“Bird of a Feather: A Normative Model of Assessing Consumers Satisfaction in a Generalized Expectation-Disconfirmation Paradigm,” a paper written by School of Business Assistant Professor Lei Huang, has been accepted for publication in the new issue of the Journal of Marketing Analytics.
“Since consumers’ post-purchase behaviors directly indicate the extent of customer satisfaction, these behaviors are relatively objective and can signal consumers’ attitudes toward the purchased product or service,” Dr. Huang explained.
Based on the basic expectation-disconfirmation paradigm, the article proposes a generalized model in evaluating customer satisfaction by integrating equity, regret and disappointment. Within this conceptual framework, customer satisfaction can be assessed in a global manner so that different marketing mixes and strategies may take to meet consumers’ expectations effectively.
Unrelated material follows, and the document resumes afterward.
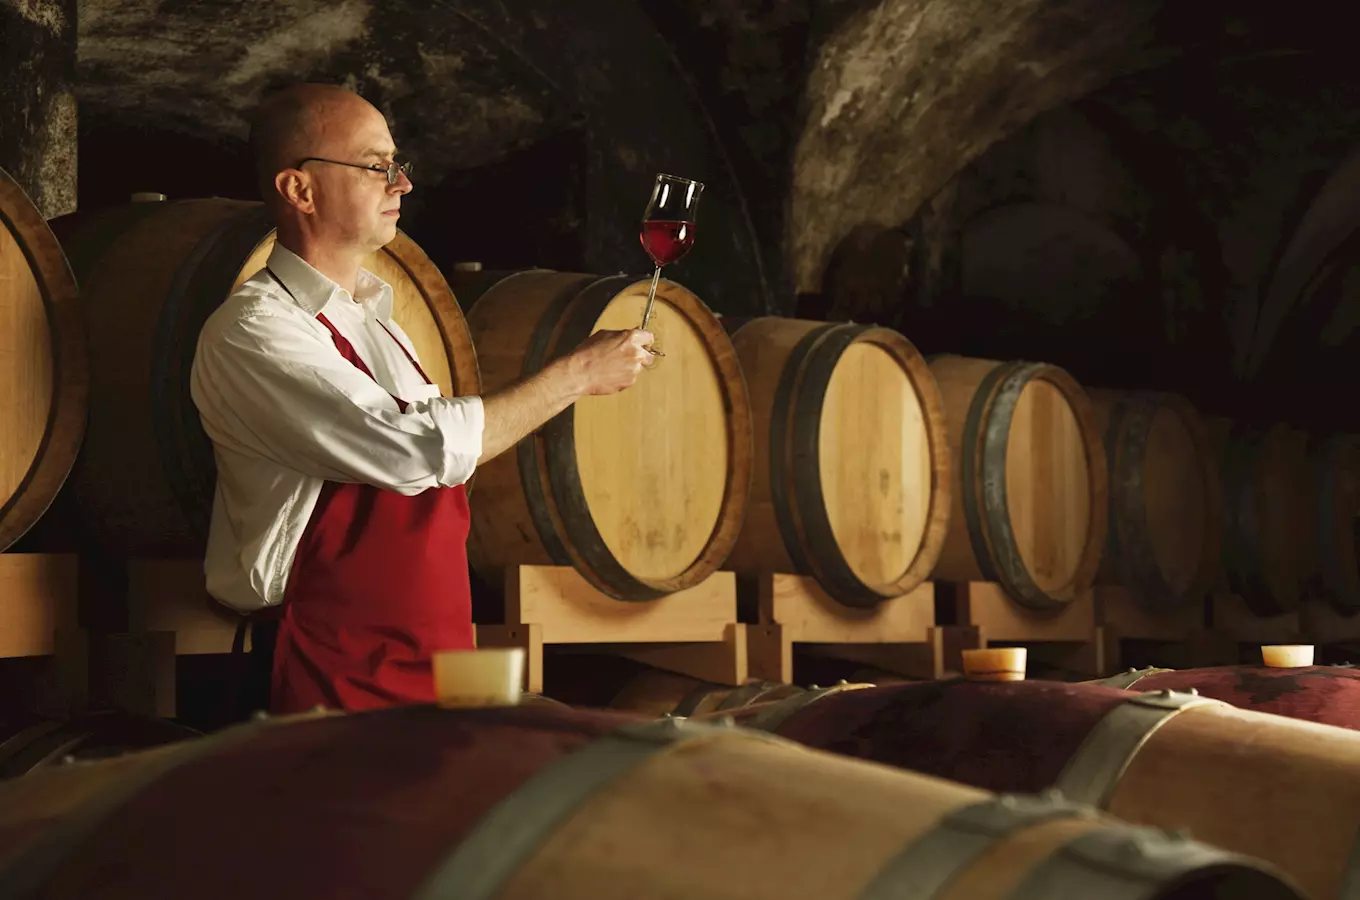 Ochutnávky vína: Na toulky se skleničkou zvou vinaři na Podluží, Velké Němčice i Mělník

By adopting weight and cluster to classify behaviors signaling defined post-purchase emotional responses, this disappointment-regret-inequity disconfirmation framework and the post-purchase signal model are expected to compromise variables of chosen and forgone options with social exchange comparisons, Huang said.
“One major benefit of this proposed model is that it may partly overcome the shortcomings and reliability issues of self-report method with the measurement of customer satisfaction in decomposed dimensions based on the occurred purchasing outcomes.”
The Journal of Marketing Analytics brings together applied research papers by professional in the field that use real world examples to further their research.